Я не хотела, нет, я пыталась отстраниться, но я была щепкой, а он – лавиной, и его губы сметали все мои «нет» грубо, властно, требовательно. Я плавилась, я тонула, я погибала, а он целовал, целовал, целовал.
– Зачем ты… не надо… пусти…пожалуйста, – сбивчиво шептала я, пока его губы скользили поцелуями по моему беззащитному горлу, а руки сжимали мое тело, не позволяя отстраниться, сбежать, вырваться.
– Зачем ты не отдалась своему Петьке, глупая ты девчонка, – внезапно выдохнул он мне прямо в ухо, – зачем ты меня мучаешь?
– Я не… ты сам…. - сбивчиво шепчу в ответ, пытаясь собраться с мыслями. – И вообще, может я уже давным-давно ему отдалась, тебе откуда знать? – пытаюсь оттолкнуть его, но ничего не выходит.
– Смеешься? Девственная кровь – это не то, что можно не почуять или перепутать. И твоя еще не пролита.
– Да тебе-то что за дело?

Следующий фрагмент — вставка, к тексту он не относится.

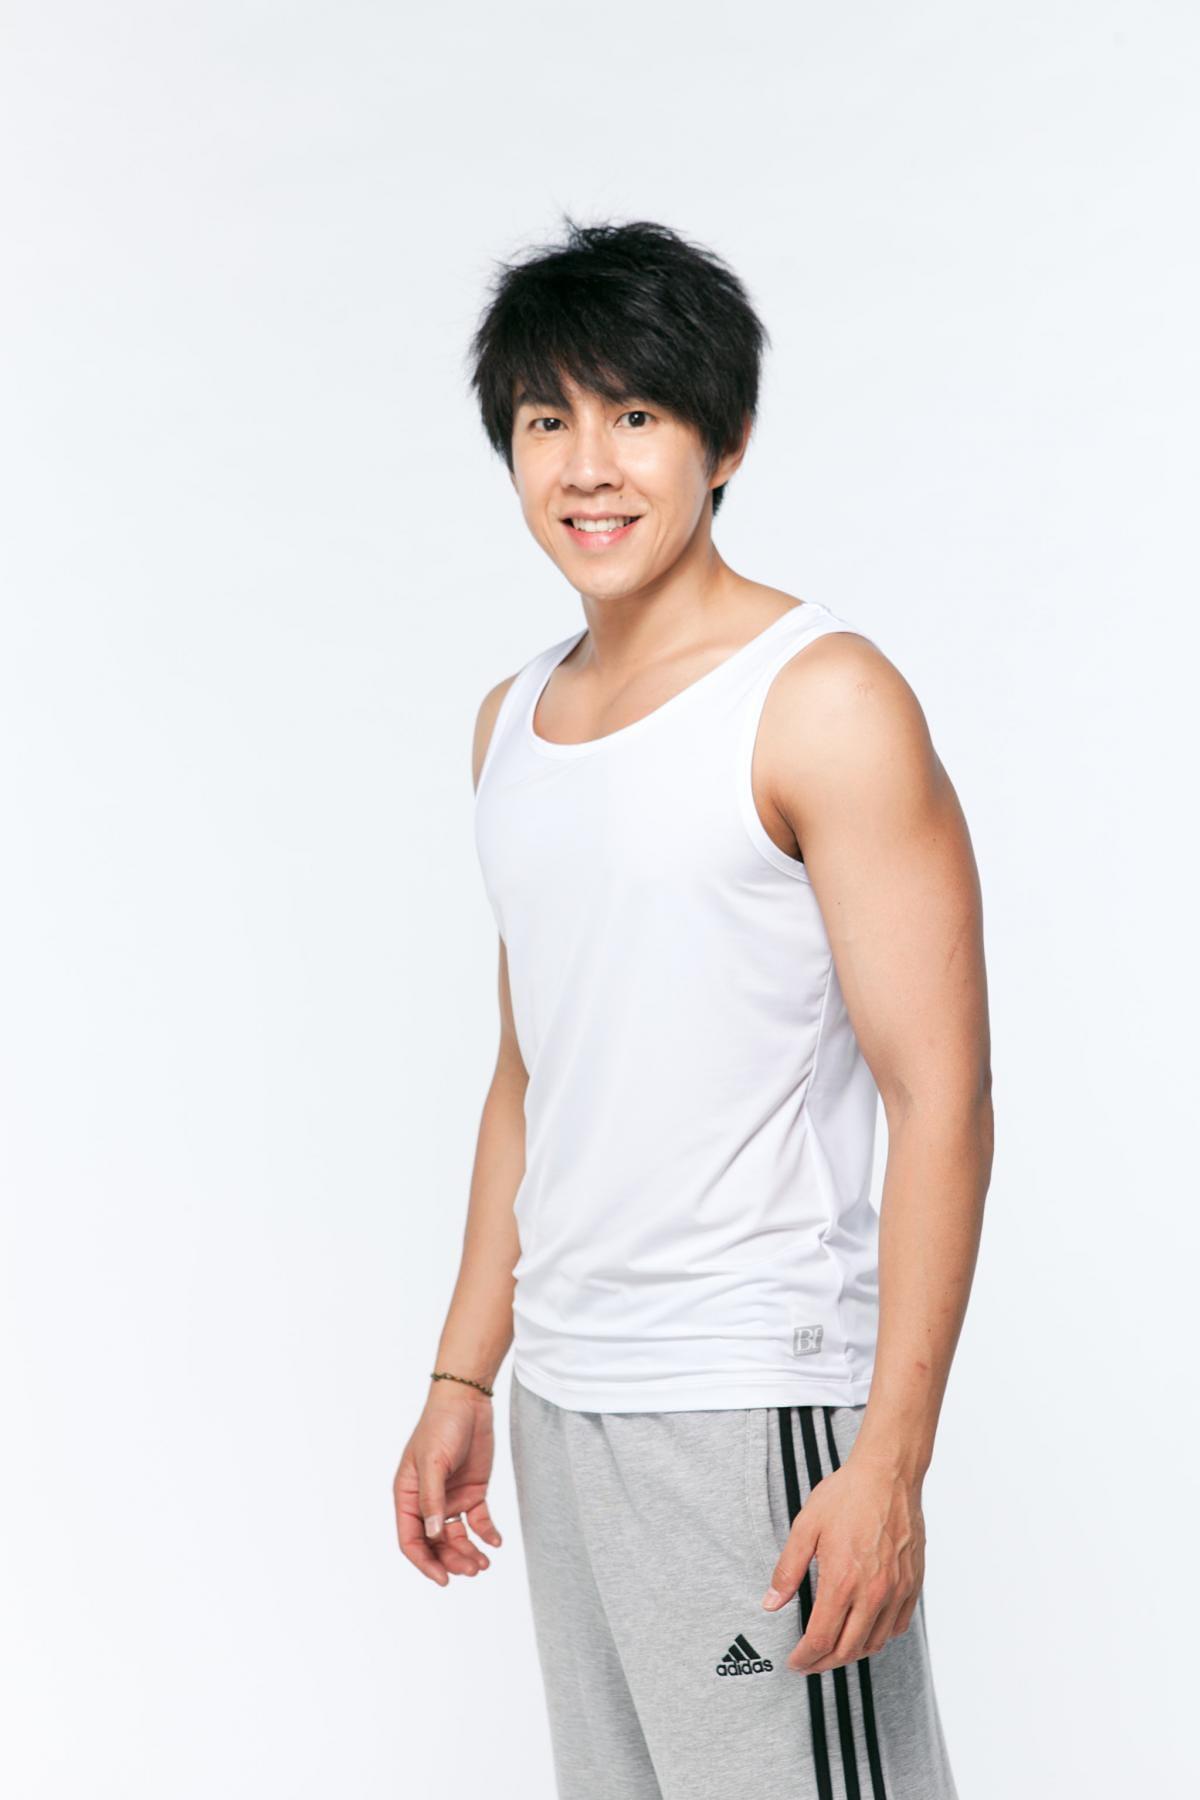 【BODYFEEL】体感服飾-夏季男款涼感抗UV坦克背心 2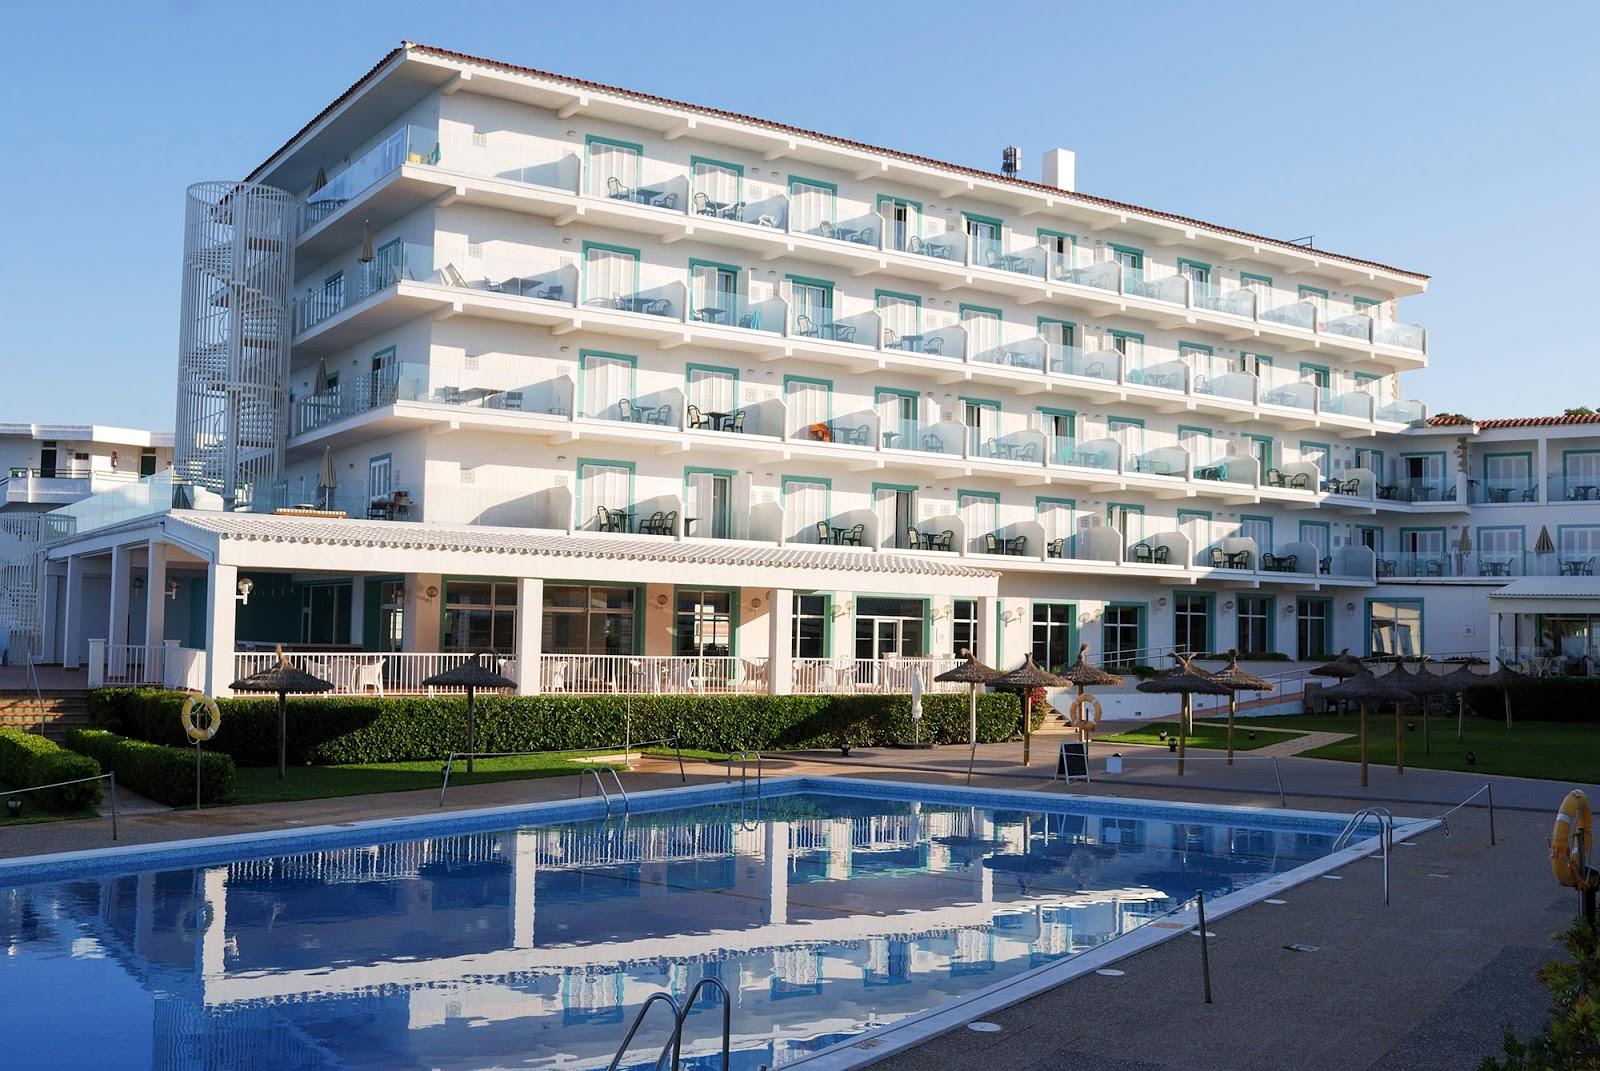 Sol Beach House Menorca Spain Melia Hotel rooms sea view swimming pool

Пусти меня! – я отчаянно пытаюсь вырваться, но его руки бесстыдно скользят по моему телу, прожигая даже через одежду.
– Это хороший якорь, Лариса, поставь его, – бездна, ну как можно столь сладострастно лапать и при этом уговаривать отдаться другому? – Или я возьму все себе.
Моя блузка мнется под его наглыми пальцами, я бьюсь, словно рыбка в рыбацких сетях, а он вновь ловит губами мои губы, заставляя забыть обо всем, сгорать и умирать в его жадных объятиях, задыхаться и забывать, что мне нужен воздух.
Отстранился.
– Напугал? – практически спокоен. Или совсем спокоен?
– Да, – и это искренне. Ноги у меня дрожат, хорошо, что под спиной дверь. – Доволен?
– Нет. Прости. Сорвался, – он аккуратно заправляет мне за ухо выбившуюся из прически прядь.
– Совался? Верится с трудом.
– А во что тебе верится…. без труда?
– Власть свою… утверждаешь. Или проверяешь. Или упрочиваешь. Сам же говорил: тактильный контакт – единственное, чем ты можешь меня держать.
– Нашла о чем вспомнить, – Анхен невесело как-то усмехнулся. – Сжег я его, Ларка, все, нету. Одна была на тебя ниточка, и той не стало.
– Как сжег? – нет, сейчас голова точно треснет. Столько всего на меня вывалить, да за одну беседу.
– Кровью, принцесса, кровью. Как еще? Ты сама вспомни, как ты себя после полета в Бездну чувствовала? Что это было – боль, да?
– Боль, – согласно кивнула я, отчетливо вспоминая, насколько физически мне было плохо от разлуки с ним.
– А когда мы расстались… на этот раз, ты чувствовала подобное?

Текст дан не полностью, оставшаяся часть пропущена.